This should provide clear sailing for any E-Cig to get full approval via the FDA. Without going into the 2007 date, or if that date for E-Cigs will be 2011 or 2013 in the final draft. There are enough predicate products in 2007 to compare all E-Cigs from V2 and the rest. There are no substantial differences in the product, and especially the end Vape to the user, in the form of content.
This clear language will hopeful alleviate the concern that existing E-Cigs will be stopped from selling, and the formality of the paperwork will be easy enough. Once one example application is available, the rest can be modeled upon it, with minimal hours of time to generate easy multiple applications. Good ol cut and paste will be at the ready. If one E-Cig is legal, the door is open and wide for all the rest to come in. Nice find.

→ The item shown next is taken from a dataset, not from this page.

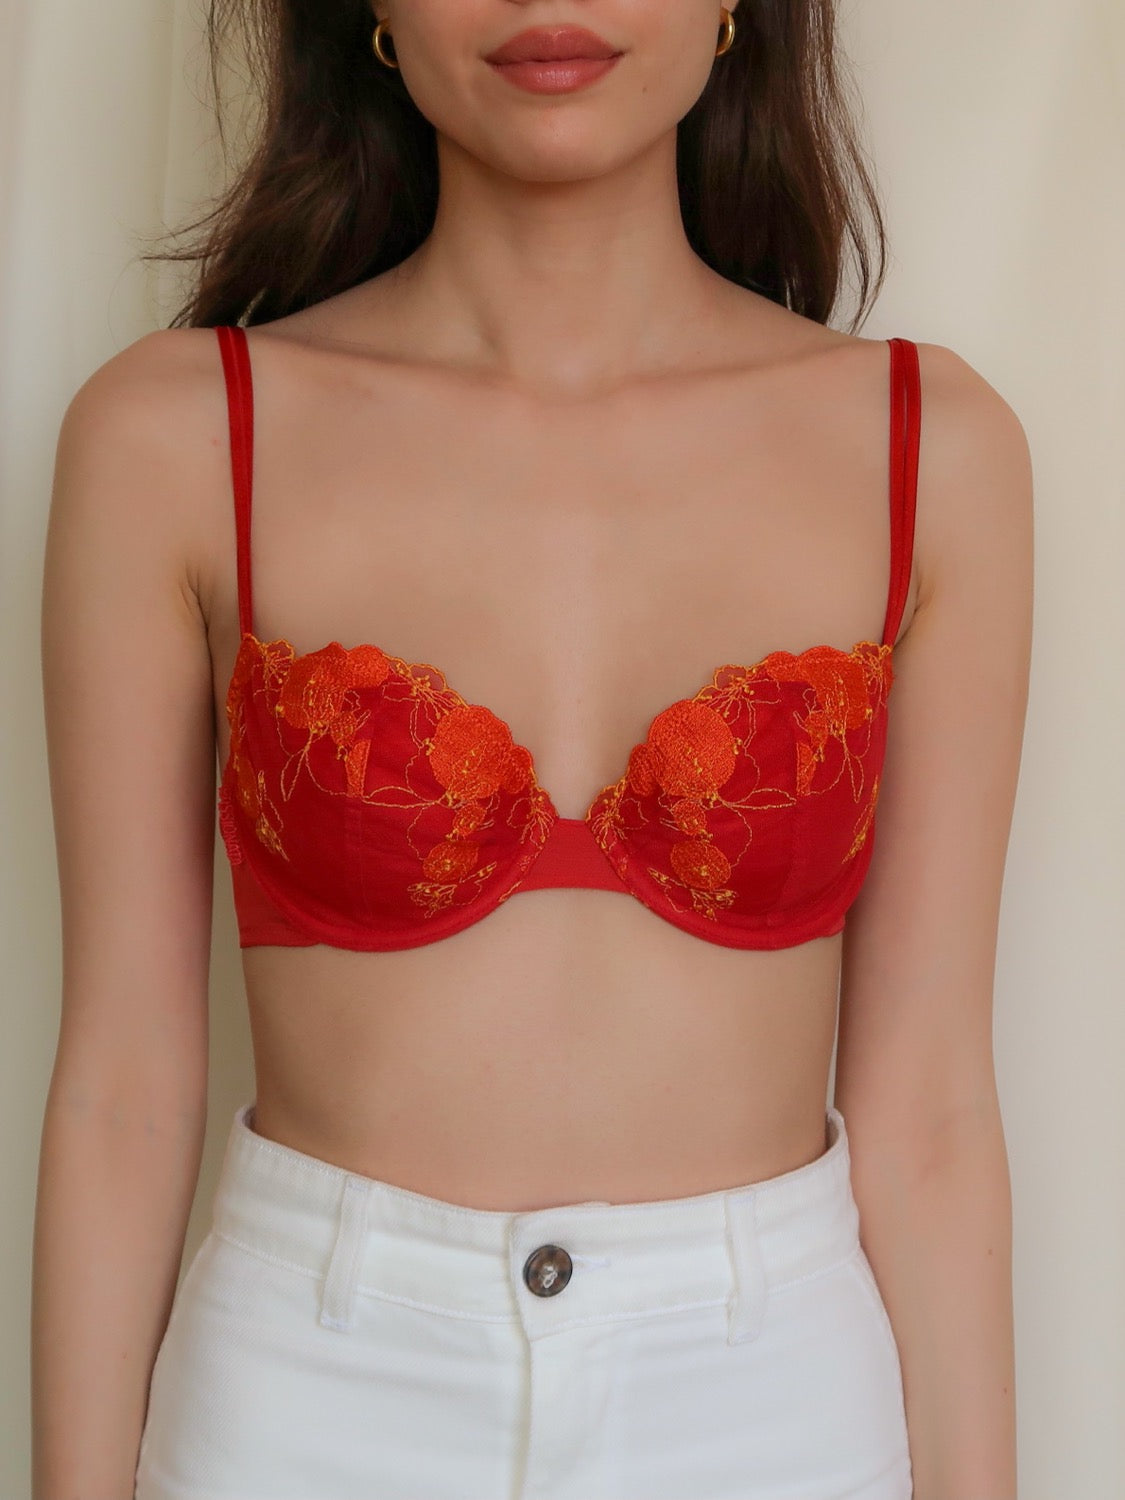 Victoria's secret Lace Bralette Size Small Red Bra Underwire

Did you miss the description of how this is currently working in practice? There is no "clear sailing." No matter how simple or obvious it seems to you or I that two products are comparable, the FDA has been asking for minute details, not just on the product being submitted, but on the predicate product. You have to pony up extremely detailed specifications for that earlier product. If that product was produced by some other company, not your own, you might not have all that information or be able to get it.
"It is important, therefore, that you submit sufficient information to enable FDA to determine whether the new tobacco product has the same characteristics (defined as the materials, ingredients, design, composition, heating source, or other features of a tobacco product) as the predicate tobacco product, in accordance with 910(a)(3)(A)(i), or has different characteristics but it is not necessary to regulate the product under section 910(c)(1)(A)(i) because it does not raise different questions of public health, as required by 910(a)(3)(A)(ii). FDA understands this to mean that 905(j) reports are to be organized based upon the list of characteristics as set forth in section 910(a)(3). In addition to these characteristics, for products that have different characteristics, FDA may determine that additional information is needed to determine whether the products raise different questions of public health."

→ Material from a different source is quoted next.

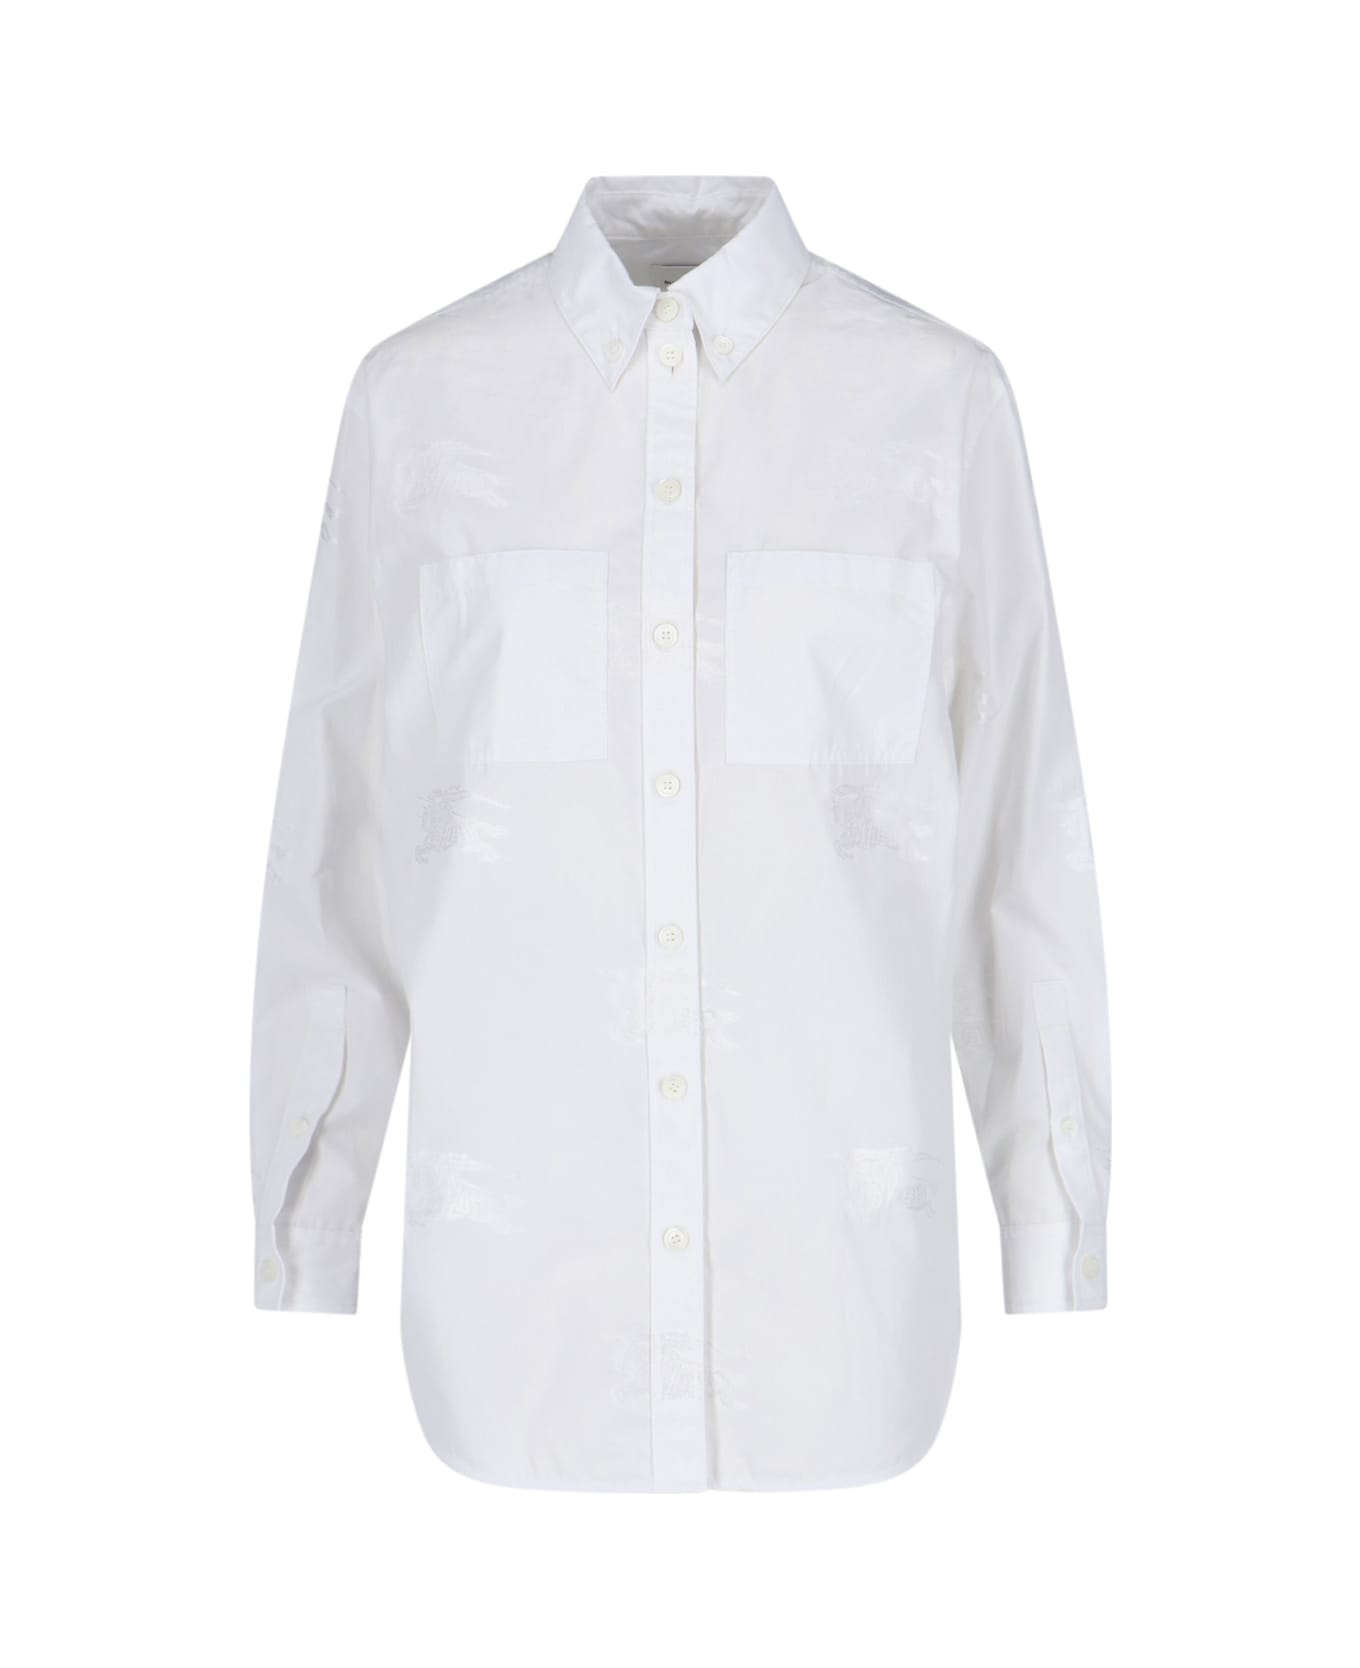 Burberry Ivanna Shirt - White シャツ

See pages 9 through 13 of the Guidance document for the details.
The FDA has received at least 3,500 SE applications and has acted on no more than a few dozen of them.
A single predicate product does not mean that multiple companies can all use the same predicate product. These applications contain proprietary information that the FDA is obligated to keep securely. You cannot grab another company's document and copy/paste. That would be considered corporate espionage.
"FDA believes that a meaningful scientific comparison intended to determine whether the characteristics of the products are the same or are different but present no different questions of public health cannot be made between a new tobacco product and multiple predicate products."
What the "clear language" means is that they want each application to use only ONE predicate product. In other words, you can't claim that features 1-10 of your new product are comparable to features in Predicate Product X, but that features 11-20 are comparable to features in Predicate Product Y. Get it?
This current guidance does not apply to products that are not regulated yet as tobacco products. No doubt they will need to write a separate SE Guidance document to cover e-cigarettes, since they are very different from tobacco cigarettes. Our concern is that so far, the FDA has been very, very picky, sending back SE applications asking for more and more detailed information. "A coil is a coil is a coil" very likely will not cut it with tobacco regulators. If they follow the same pattern as this document, they will be asking for all of the metals that went into making a coil, design drawings, etc., and will want the new product to be identical in every way with the predicate product, unless the applicant can pony up proof that the new design does not present any changes in health risks.
Tobacco companies might be able to absorb all these costly analyses, but those e-cigarette companies not owned by a tobacco company could be bankrupt by this process if it continues to be administered in this fashion.